WHAT YOU SHOULD DO:
Output the data below exactly as it is, dropping the pictures from your copy.
---- SUPPLIED MATERIAL
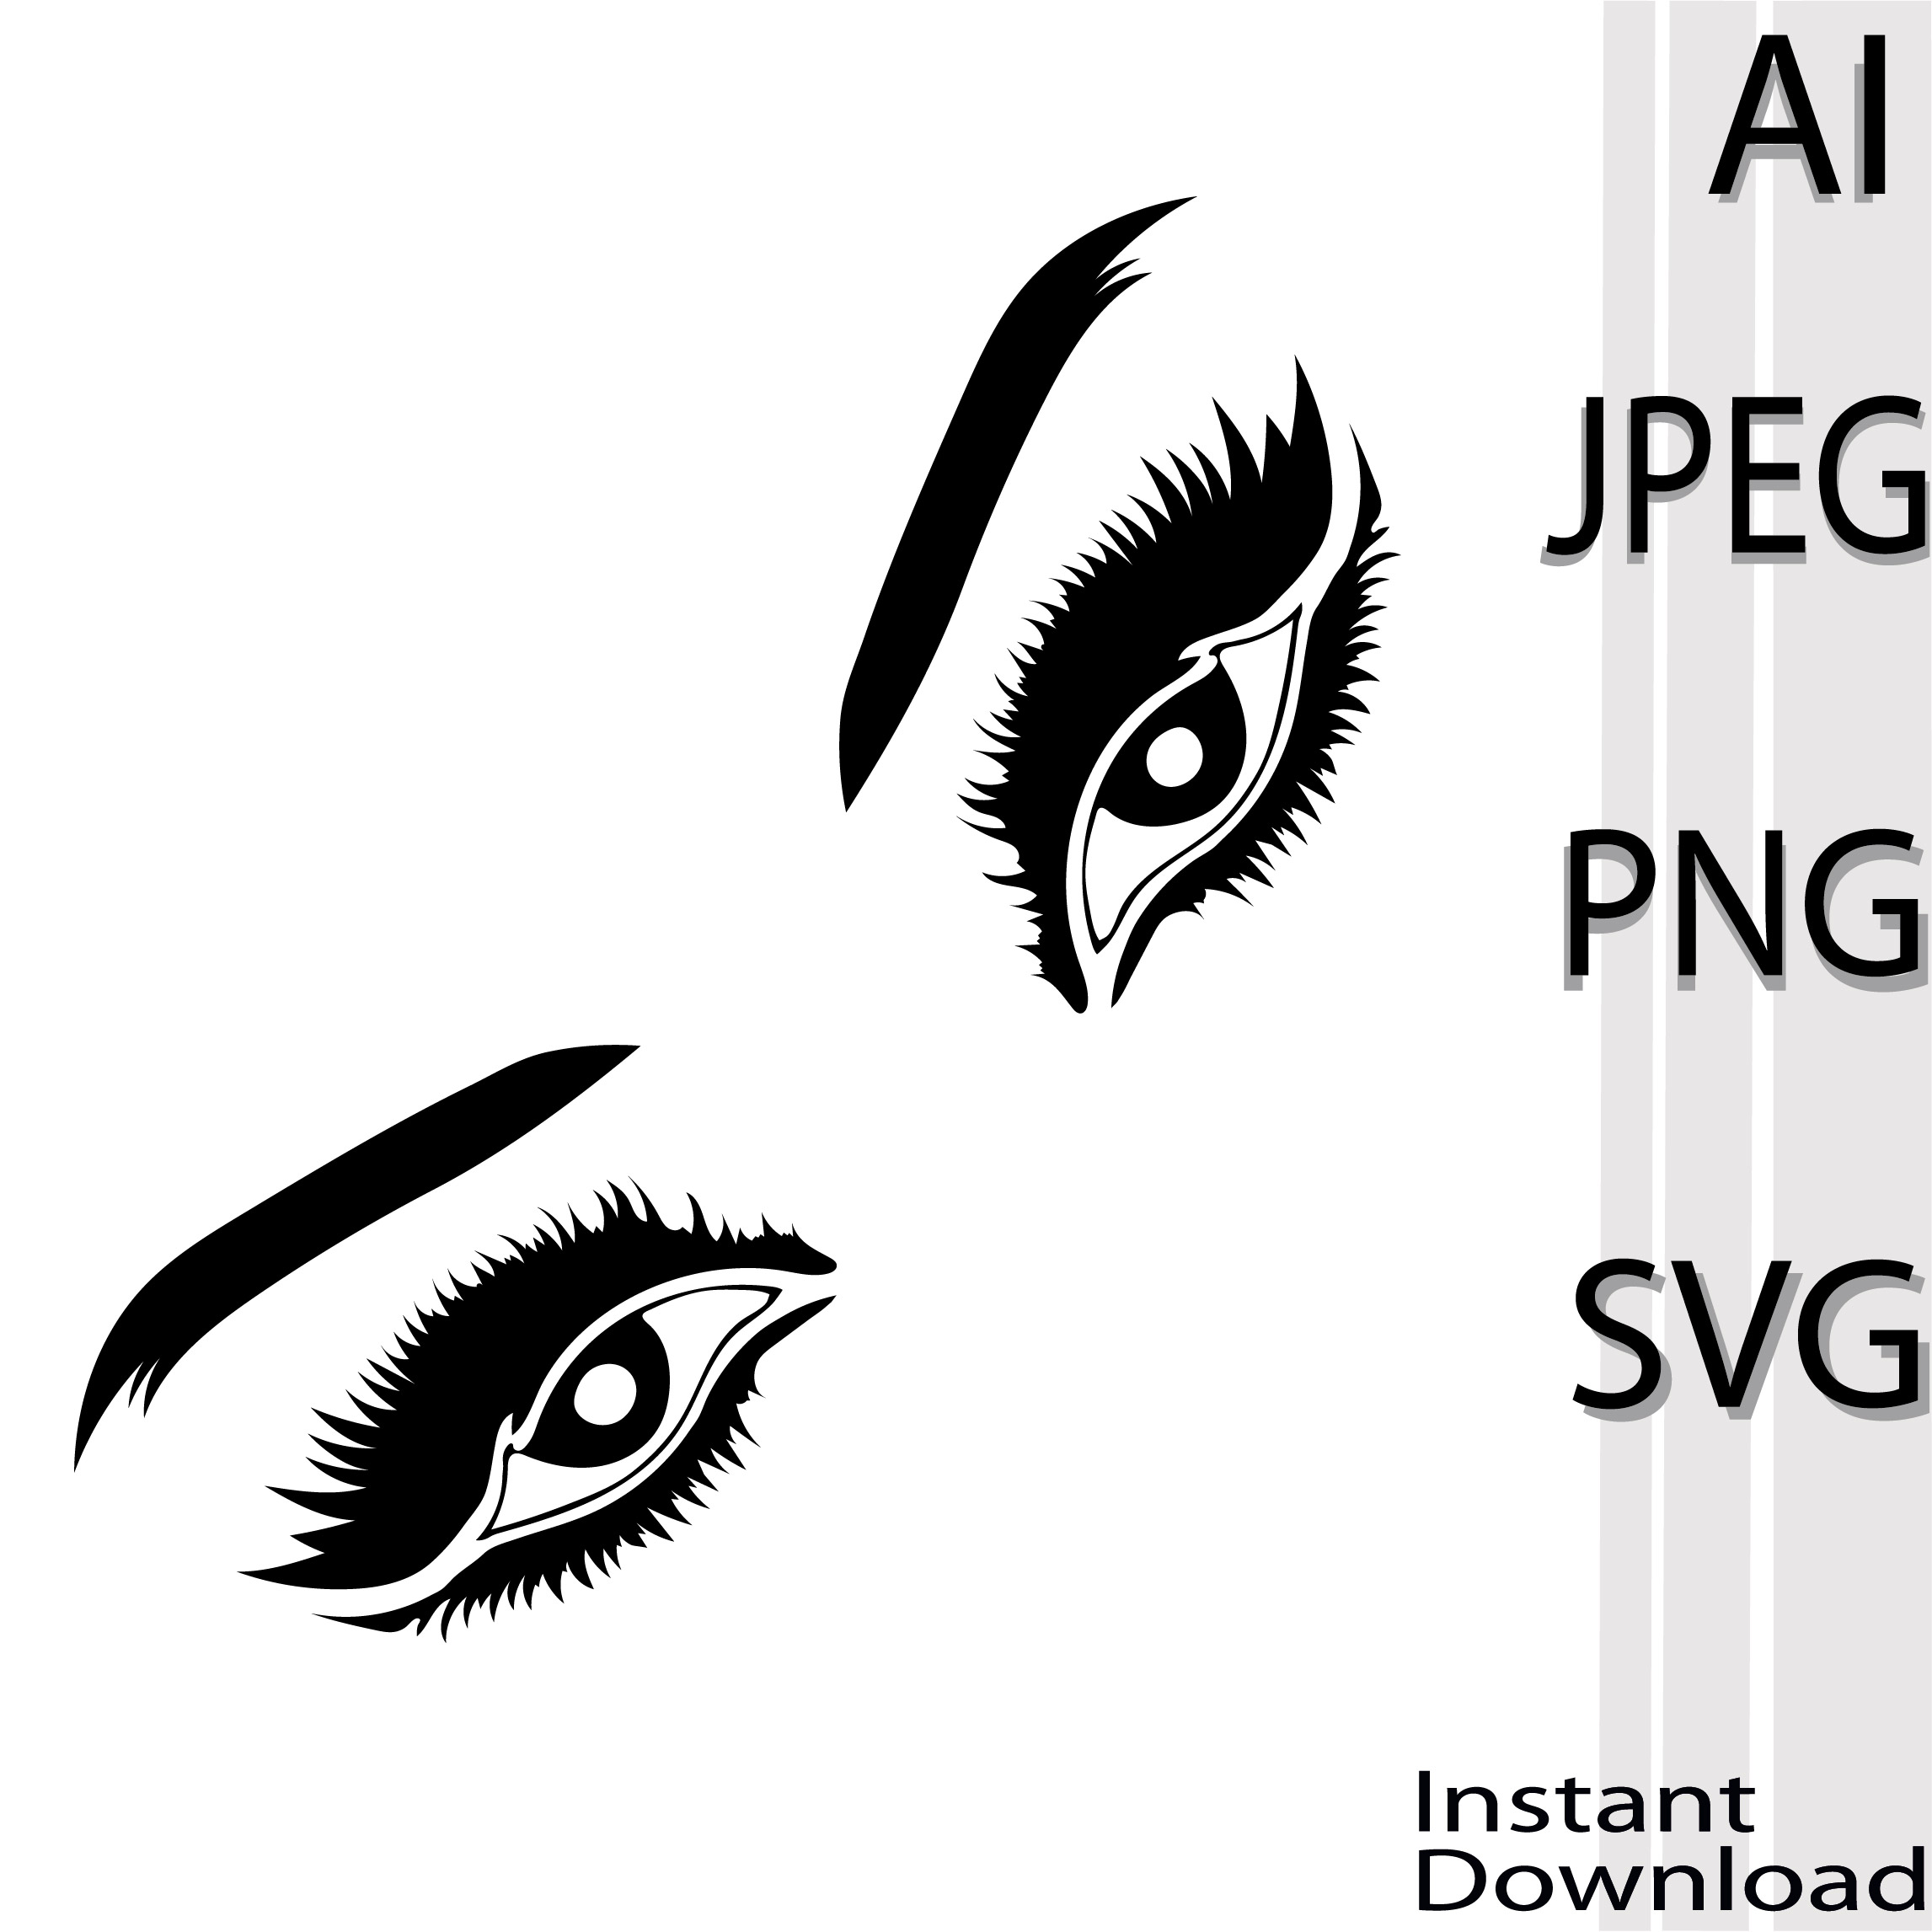 Woman Eyes SVG Design pinterest image.
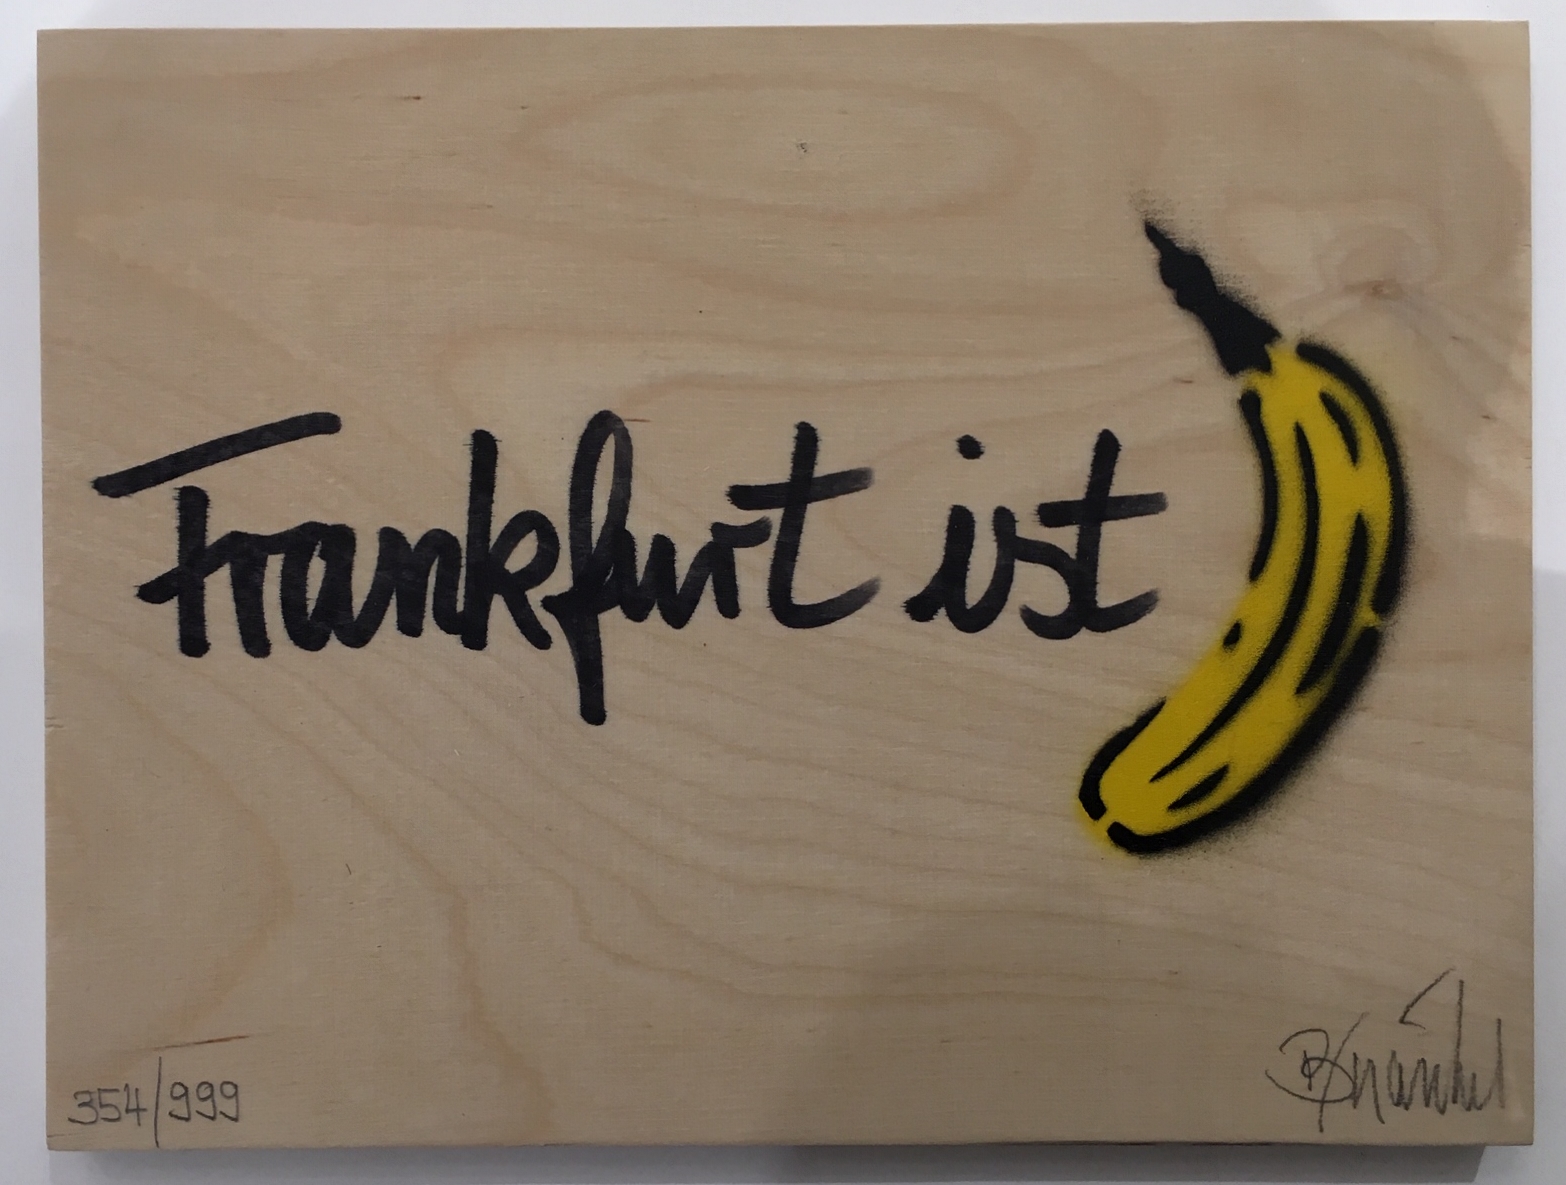 Frankfurt ist Banane
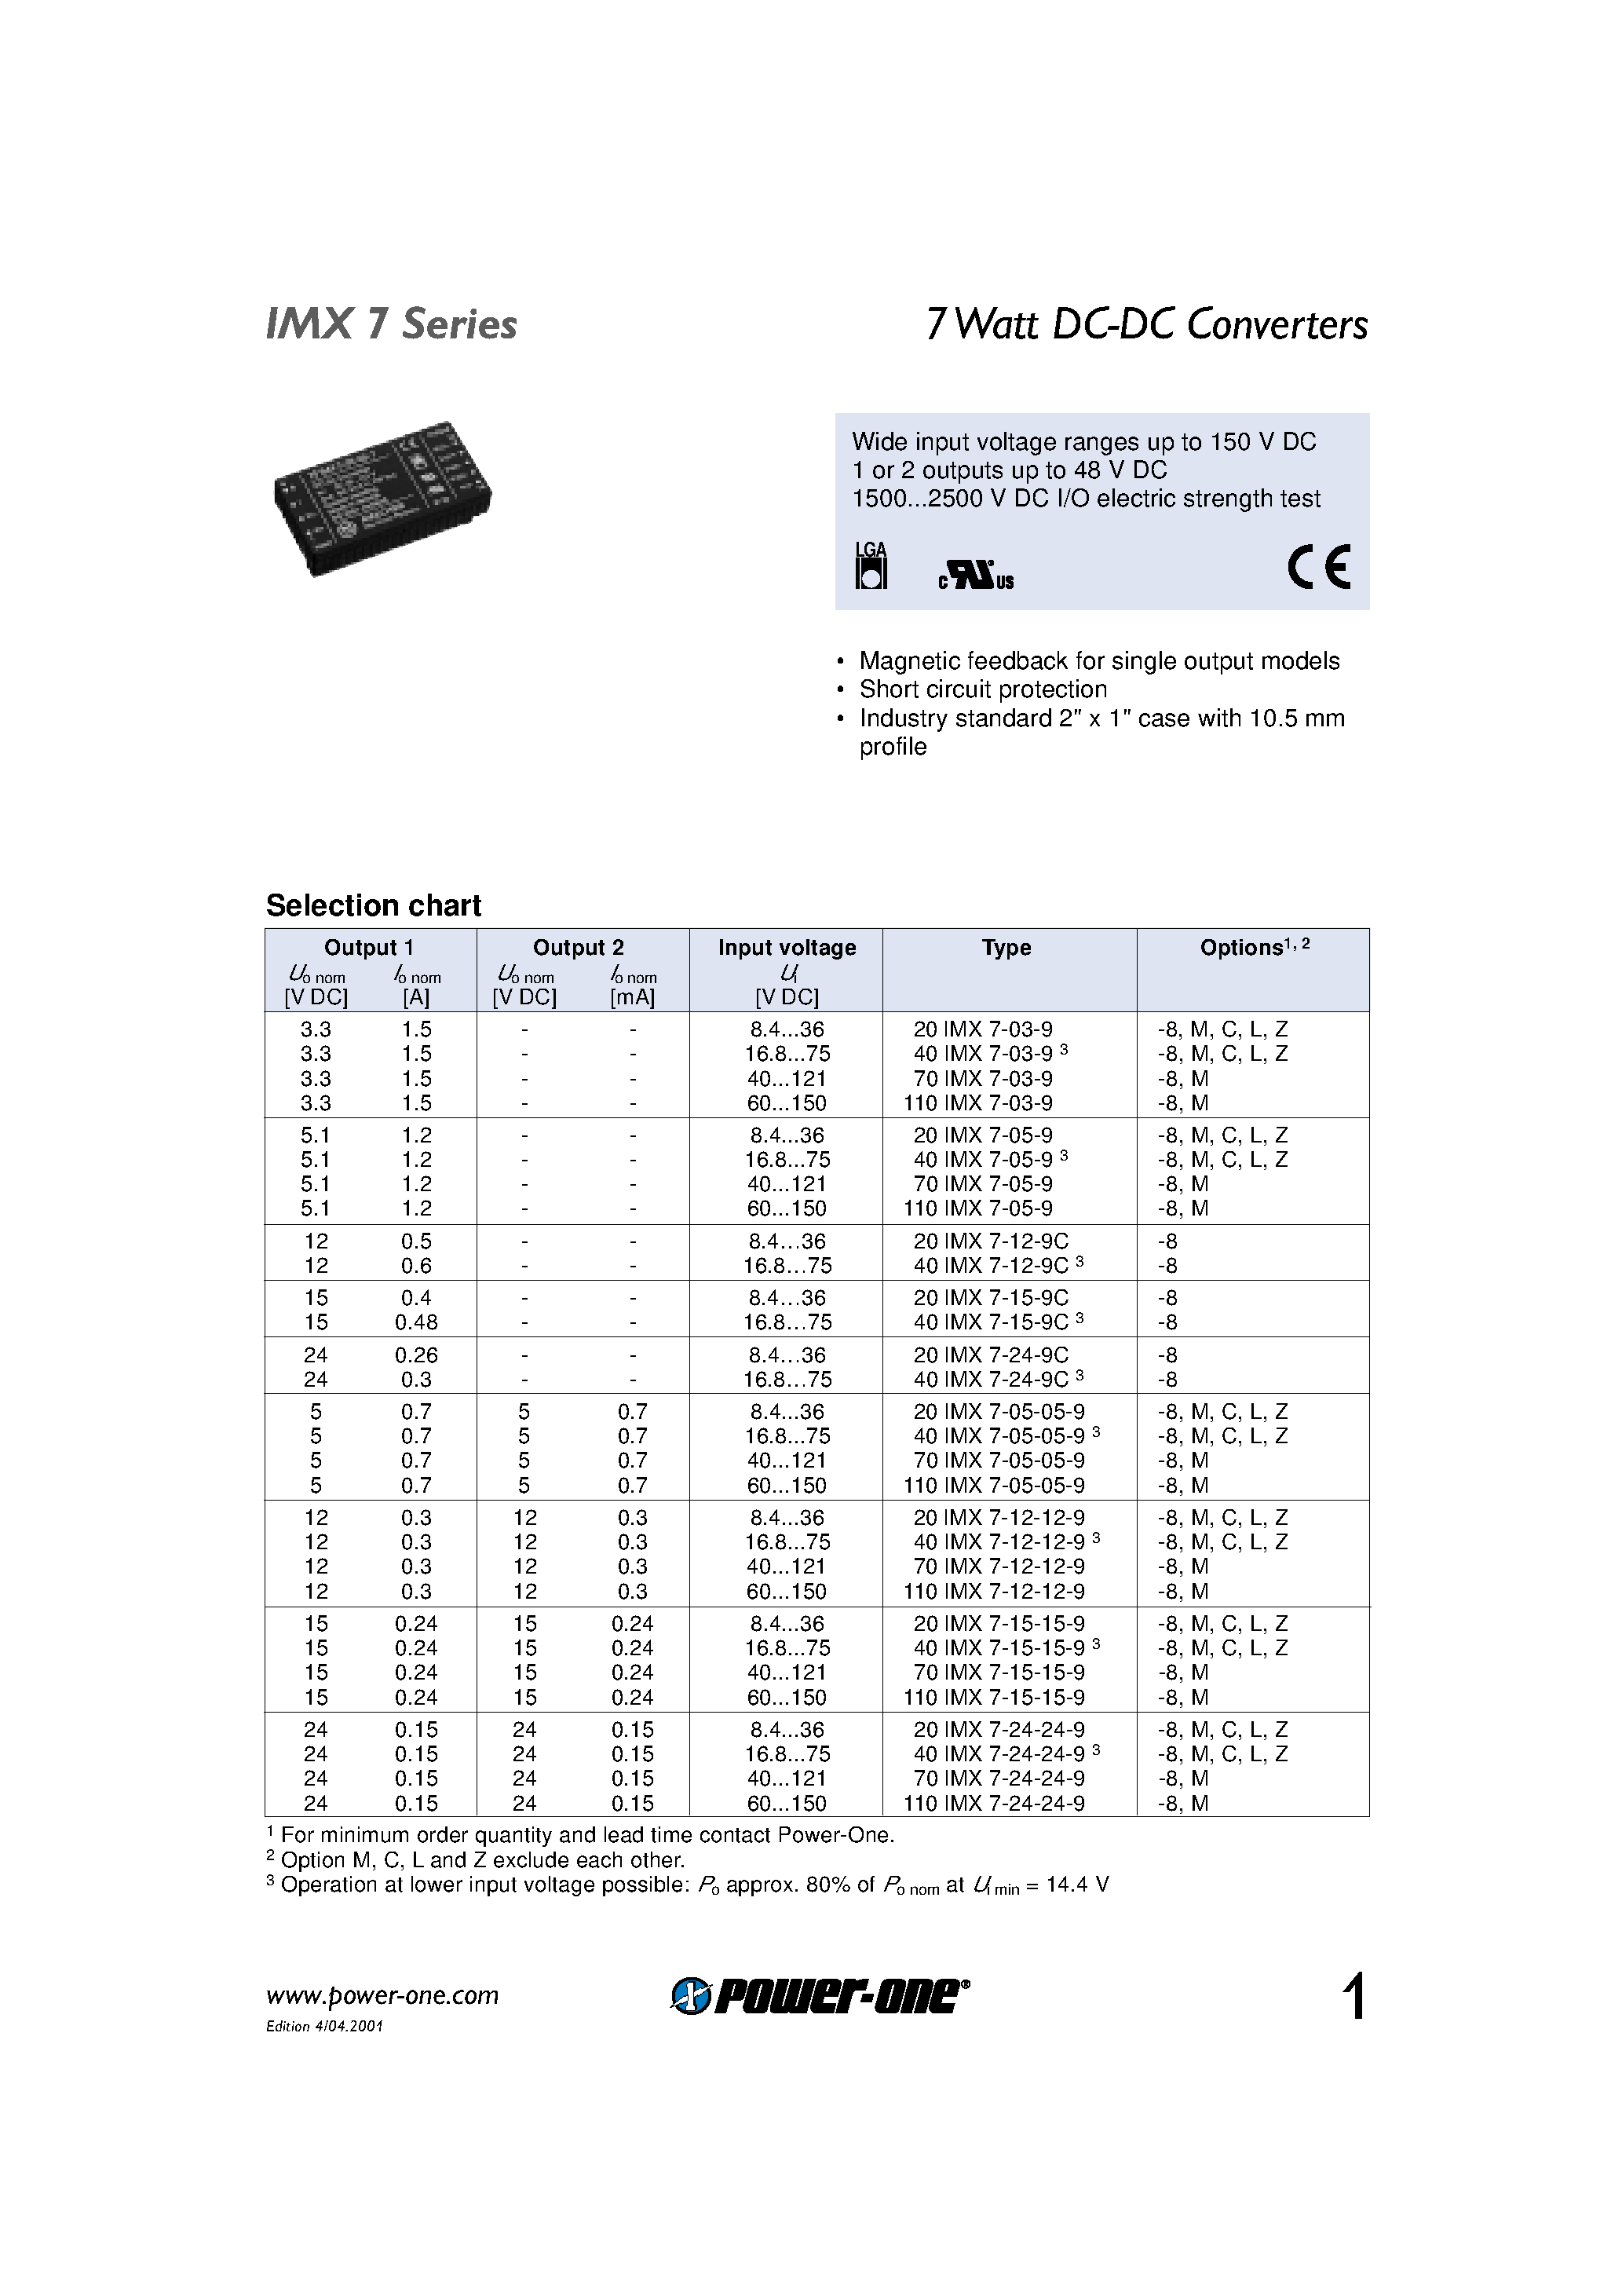 Datasheet 70IMX7-05-9 - 7 Watt DC-DC Converters page 1
--------
EXERCISE RESPONSE:
 Woman Eyes SVG Design pinterest image.
 Frankfurt ist Banane
 Datasheet 70IMX7-05-9 - 7 Watt DC-DC Converters page 1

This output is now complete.